Выбрать главу

– Третьи шепчутся, что вы за бабскими юбками от войны скрываетесь, что на фронте-то пользы от умелого врача всяк больше, чем в тылу, в лечебнице для шлюх.

Мимо, тяжко переваливаясь, подволакивая ноги, замотанные в грязное тряпье, прошли две Серафимины подопечные, уродливые в своей преждевременной старости, в болезнях, кои у прочих пациентов вызывали лишь страх и омерзение. Да и не только у пациентов.

– Нет, вы не думайте, что я вас осуждаю, – меж тем продолжил Вецкий. – С моей стороны сие было бы неоправданнейшей глупостью, ведь я сам, Егор Ильич, я сам нахожусь в той же ситуации…

А может, и вправду на фронт надо было? Ведь предлагали же, нет, не принуждали, хотя, верно, и такое могло случиться, но как бы то ни было – мне дали право выбирать, и я выбрал.

Что выбрал?
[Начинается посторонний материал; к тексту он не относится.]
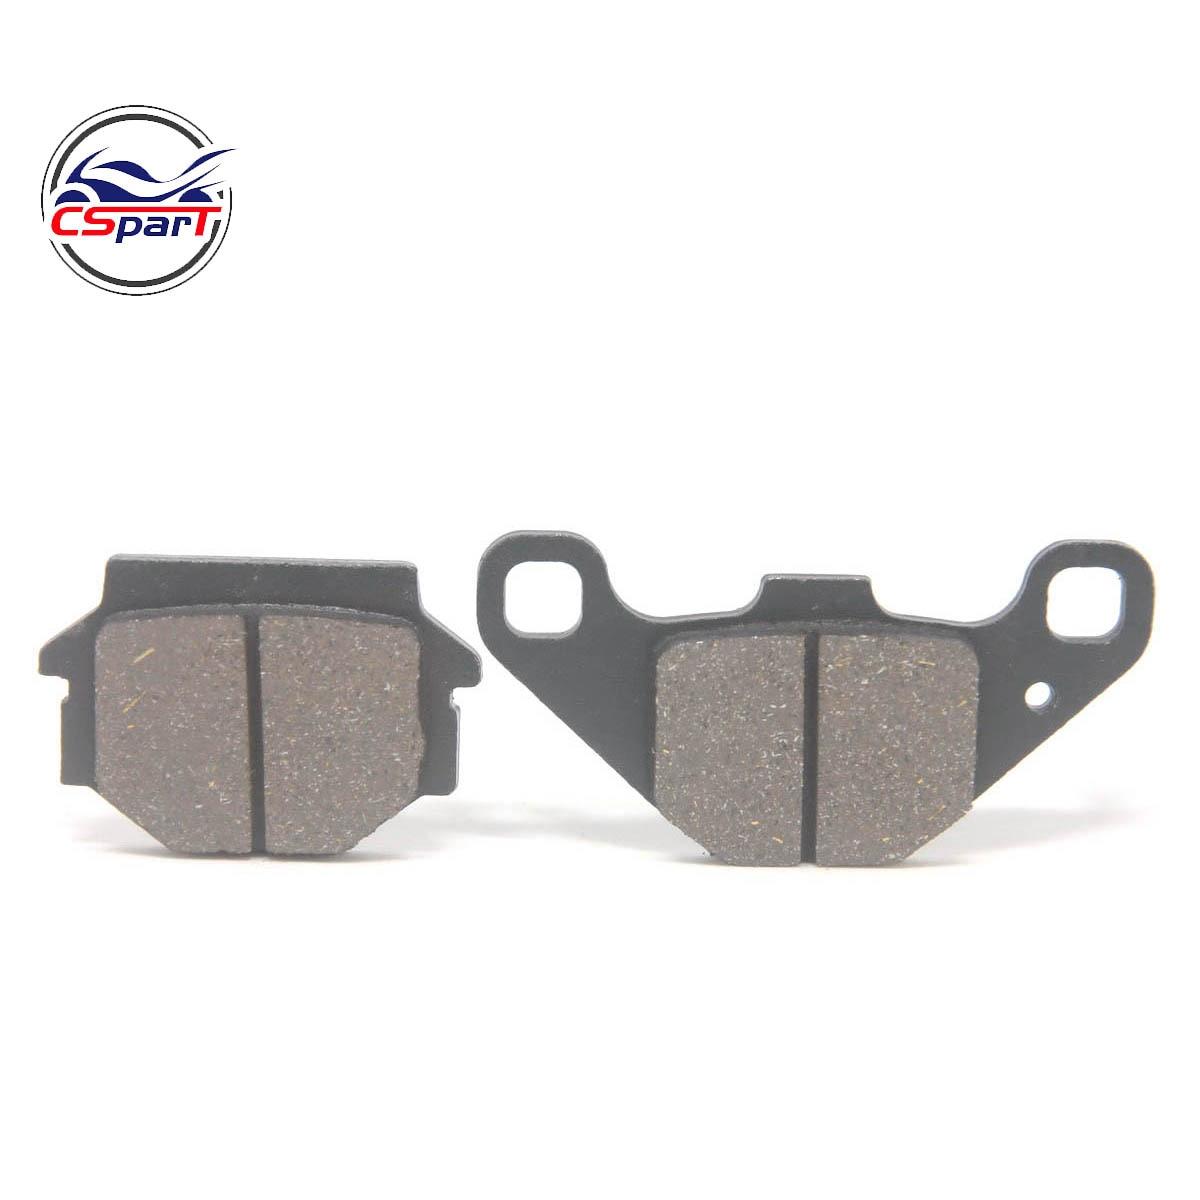 1 Pair Rear Brake Pad For CFmoto CF500 UFORCE 500 550 800 500CC 800CC U5 U8 UFORCE UTV 7030-081520 7030-0855A0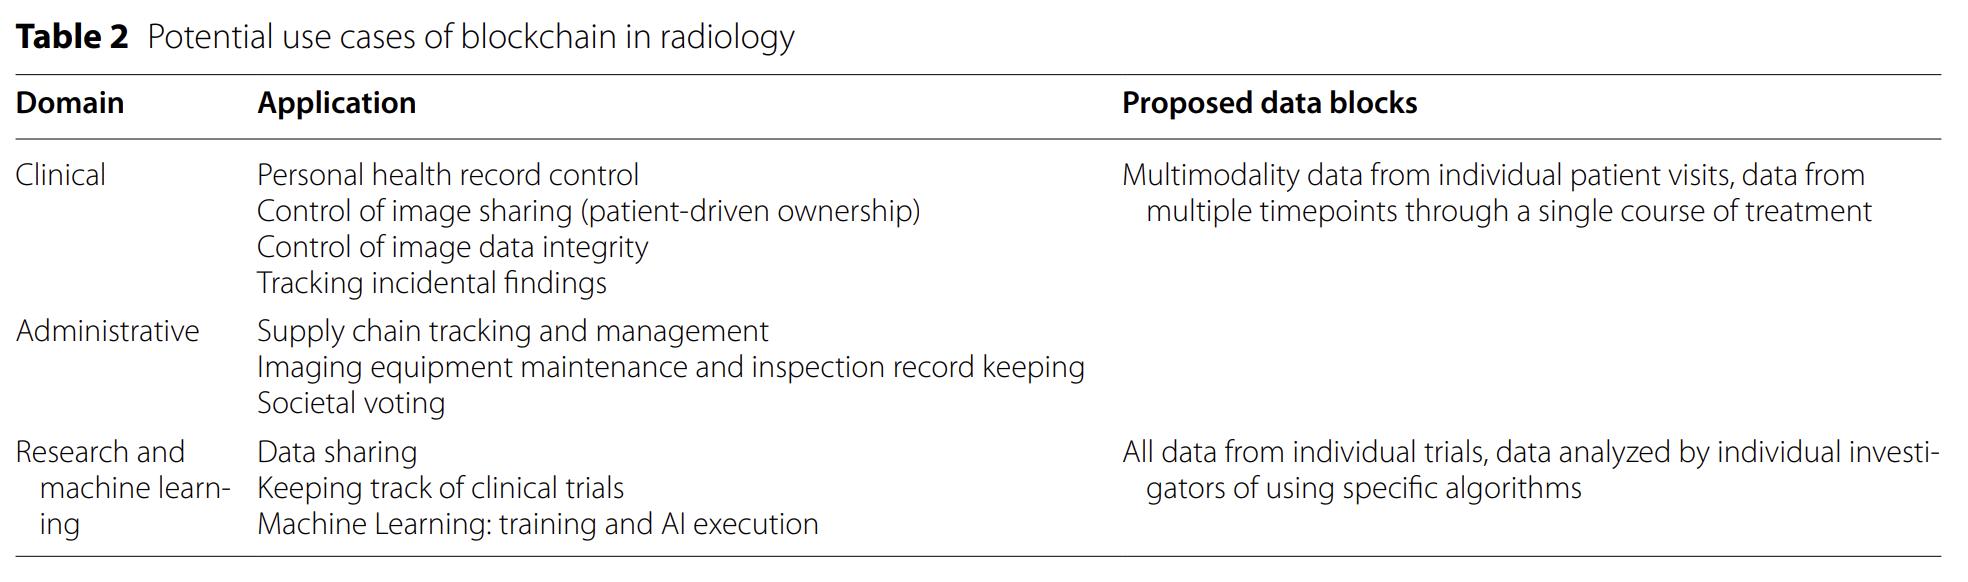 ESR white paper: blockchain and medical imaging

Частный госпиталь при женском монастыре? Убежище для шлюх, нищенок, деревенских баб, каковые дичатся да норовят сбежать? Ангел падших, алкоголиков и безумцев? Всех тех, кого христианское милосердие велит любить?

Но я не христианин!

– Я к вам пришел, дабы просто… поделиться… так сказать… спросить… почему?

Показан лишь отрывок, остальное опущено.